SQL String Functions Practice

String functions are tested directly in fewer than 1% of interviews, but they show up in roughly 30% of take-home assignments where you need to parse, clean, or transform raw text fields.

What this guide covers

String functions are tested directly in <1% of interviews but show up in ~30% of take-home assignments where you parse, clean, or transform raw text. Six function families cover the corpus: pattern matching (LIKE), building (CONCAT), extraction (SUBSTRING), parsing (SPLIT_PART), cleaning (REPLACE/TRANSLATE), regex.

6
Function families
30%
Of take-homes need them
5
Data cleaning problems

String functions you need to know

DE interviews test string manipulation in the context of data cleaning and ETL. These are the functions that matter.

Pattern Matching · High

LIKE / ILIKE

Syntax: WHERE email LIKE '%@gmail.com'. Pattern matching with wildcards. % matches any sequence; _ matches exactly one character. ILIKE is the case-insensitive variant in Postgres. Use cases: filter emails by domain; find product names containing a keyword; match phone number patterns with _ wildcards; case-insensitive search with ILIKE. Interview tip: edge cases test what happens if the pattern itself contains % or _. You need to escape them with a backslash or use the ESCAPE clause.

Building · High

CONCAT / ||

Syntax: CONCAT(first_name, ' ', last_name) or first_name || ' ' || last_name. Joins strings together. CONCAT handles NULLs gracefully (treats them as empty). The || operator propagates NULLs in most dialects. Use cases: build full names; construct URLs or file paths from components; create composite keys for joining; format output for reporting. Interview tip: NULL behavior difference matters. CONCAT('hello', NULL) returns 'hello'. But 'hello' || NULL returns NULL in Postgres.

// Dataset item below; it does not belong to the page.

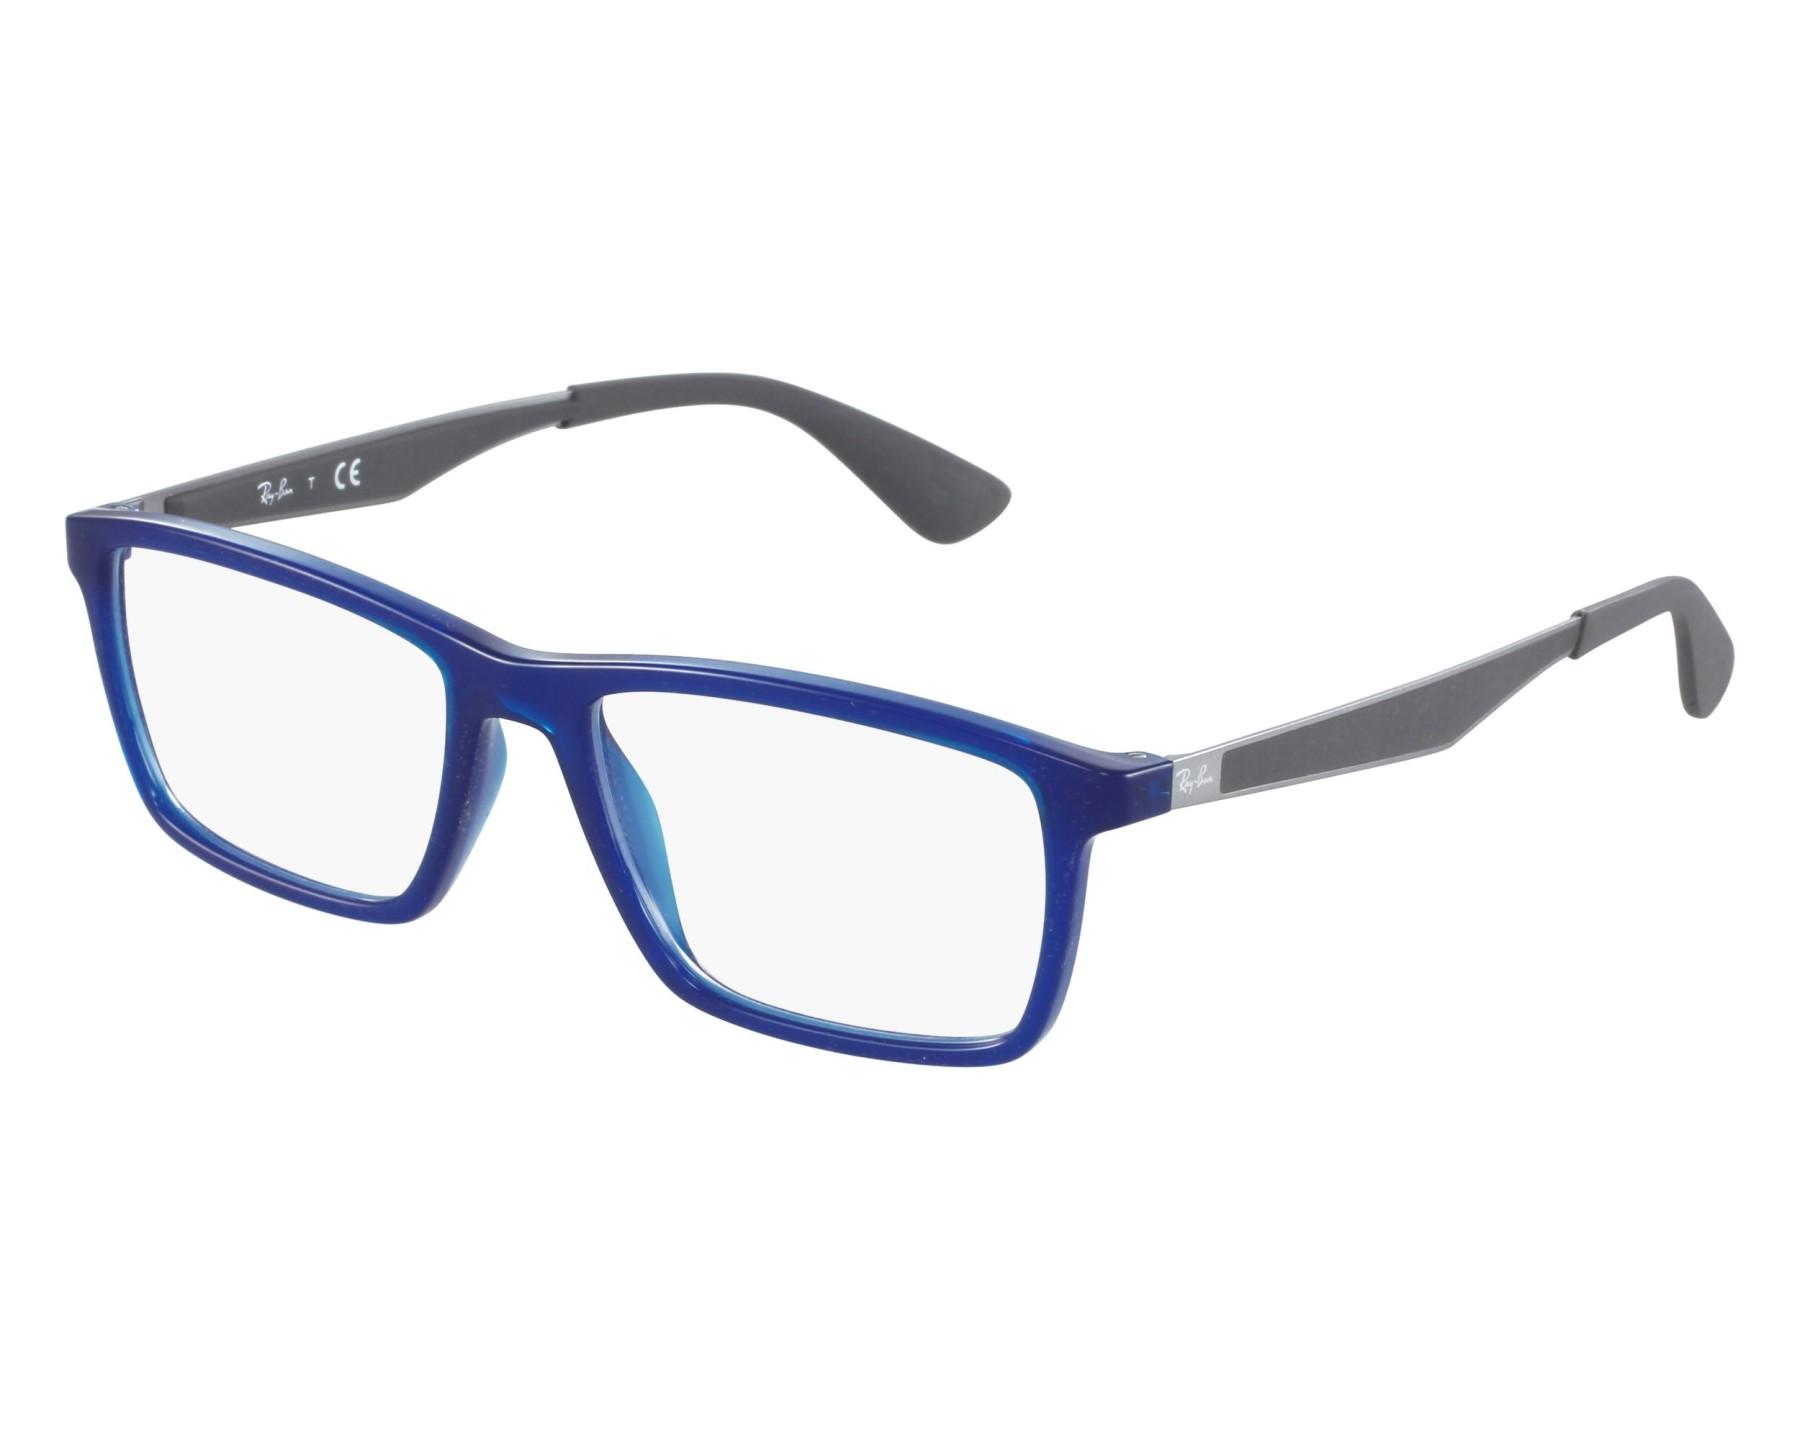 6abbc7b5ac eyeglasses Ray-Ban RX-7056 5393 55-17 Blue Grey front view

Common interview gotcha.

Extraction · Medium

SUBSTRING / SUBSTR

Syntax: SUBSTRING(column FROM 1 FOR 3) or SUBSTR(column, 1, 3). Extracts a portion of a string by position. FROM/FOR is ANSI SQL; most dialects also support the comma-separated form. Positions are 1-indexed. Use cases: extract area codes; parse fixed-width file fields; first N characters; extract year from a date stored as text. Interview tip: SQL strings are 1-indexed, not 0-indexed. SUBSTRING('hello' FROM 1 FOR 2) returns 'he'. Getting this wrong wastes time.

Parsing · High

SPLIT_PART

Syntax: SPLIT_PART(email, '@', 2). Splits a string by a delimiter, returns the Nth part. SQL equivalent of Python's split(). Available in Postgres, Snowflake, Trino. BigQuery uses SPLIT() returning an array. Use cases: extract domain from emails; parse CSV values; get path components from URLs; split full names. Interview tip: SPLIT_PART returns empty string (not NULL) if the requested index is out of range. Matters when using COALESCE or NULL checks downstream.

Cleaning · Medium

REPLACE / TRANSLATE

Syntax: REPLACE(phone, '-', '') or TRANSLATE(phone, '()-. ', ''). REPLACE swaps one substring for another. TRANSLATE maps characters one-to-one (like Python's str.translate). TRANSLATE is faster for removing multiple single characters at once. Use cases: strip formatting from phone numbers; normalize whitespace; remove currency symbols; clean up delimiters. Interview tip: data cleaning questions often require chaining REPLACE calls or using TRANSLATE for character-level cleanup. Know both.

Advanced · Low

Regex (REGEXP_REPLACE, REGEXP_MATCHES)

Syntax: REGEXP_REPLACE(text, '[^0-9]', '', 'g'). Full regex for matching and replacing. Postgres uses POSIX regex; BigQuery uses RE2. The 'g' flag means global replacement; without it, only the first match is replaced. Use cases: extract numbers from mixed alphanumeric strings; validate email/phone formats; parse log lines; remove all non-alphanumeric. Interview tip: regex is a power tool, but most interviewers accept LIKE or SPLIT_PART if they solve the problem. Reach for regex only when simpler functions can't.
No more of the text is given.